Anyone who doesn’t place a great deal of emphasis on a credit score must never have tried to borrow money to buy a house, a car or even open up a simple line of credit in the form of a card.
That three digit score sends banks and lenders into a complete tailspin if they don’t compute with what they believe to be safe and secure when it comes to lending you money. If that score isn’t within a certain range, chances are you won’t be driving off the car lot or posing in front of the “Sold” sign in your new yard.
But there are some instances when that score is going to affect your life in a negative way far beyond just the notion of borrowing money, although that is what some will always and forever equate a credit score with from one day to the next.
Have you thought about your credit score as it relates to your employment, more specifically if a company is interested in hiring you.
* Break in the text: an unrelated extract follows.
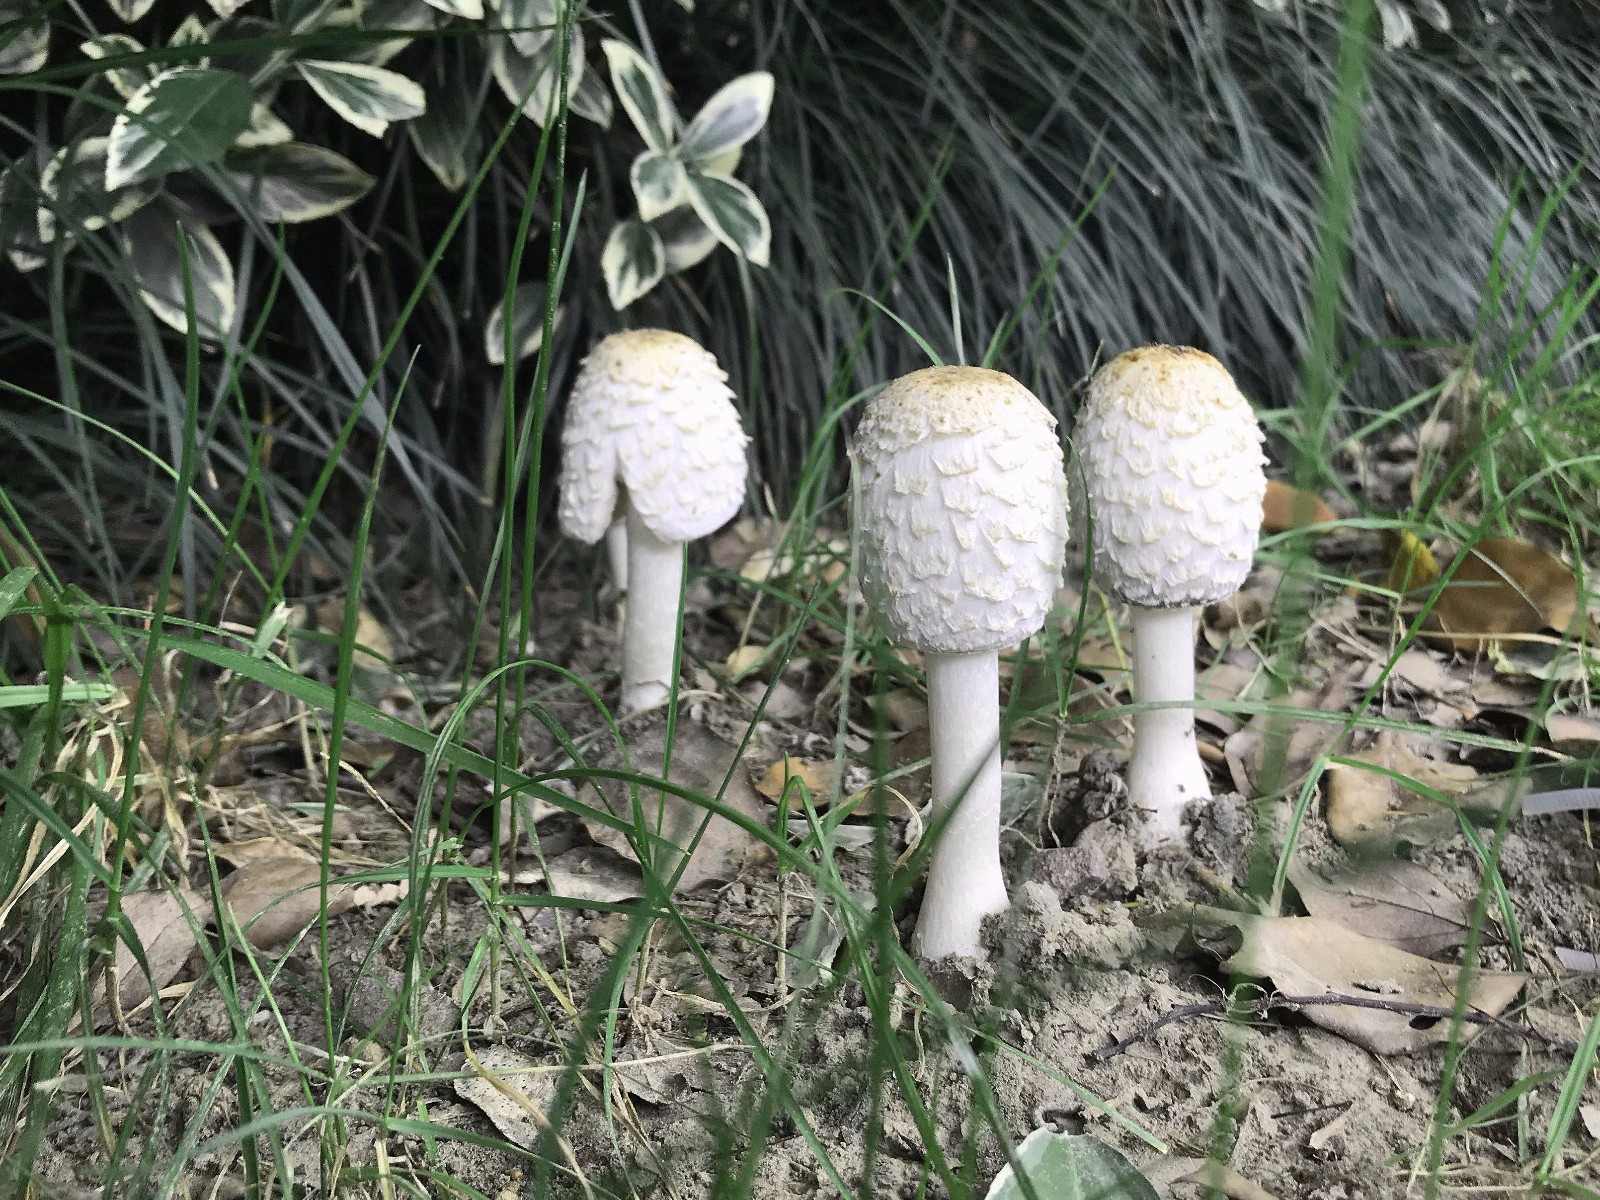 野外的野蘑菇不懂的不可轻食 是否有毒 - 图看 - 大河图易学

Some companies not only will check your social media accounts to see if you’re an upstanding individual (as especially afterward when you start and you call off when you’re “sick”) but they also check your credit report and ask to see your score. That is going to potentially sway them into a hiring decision more than you might believe.
Beyond that home you’re trying to finance, a purchase in which your credit score is going to be exponentially important, you also might need to monitor that score when you try to start up your utilities and even trying to buy a new phone. The credit score, as far as financing a phone, might play into what type of repayment schedule you’re given. Most of the time with the phone or the utilities in general, you’ll have to provide some sort of collateral (a deposit, usually) in order to put the electric, gas or water people in a good frame of mind so that they can be reassured they’re going to be paid.
And what about housing?
No, not just the idea of having a mortgage or buying a house. This is also about just having a place to live in the form of paying rent, because landlords also can require a credit check. Much the same way the utility companies want to get paid, so do the landlords of the world. The credit check assures them they’re not renting property to someone who isn’t going to make good on rent.
The credit score is always going to mean plenty, but in some cases more than meets the proverbial eye.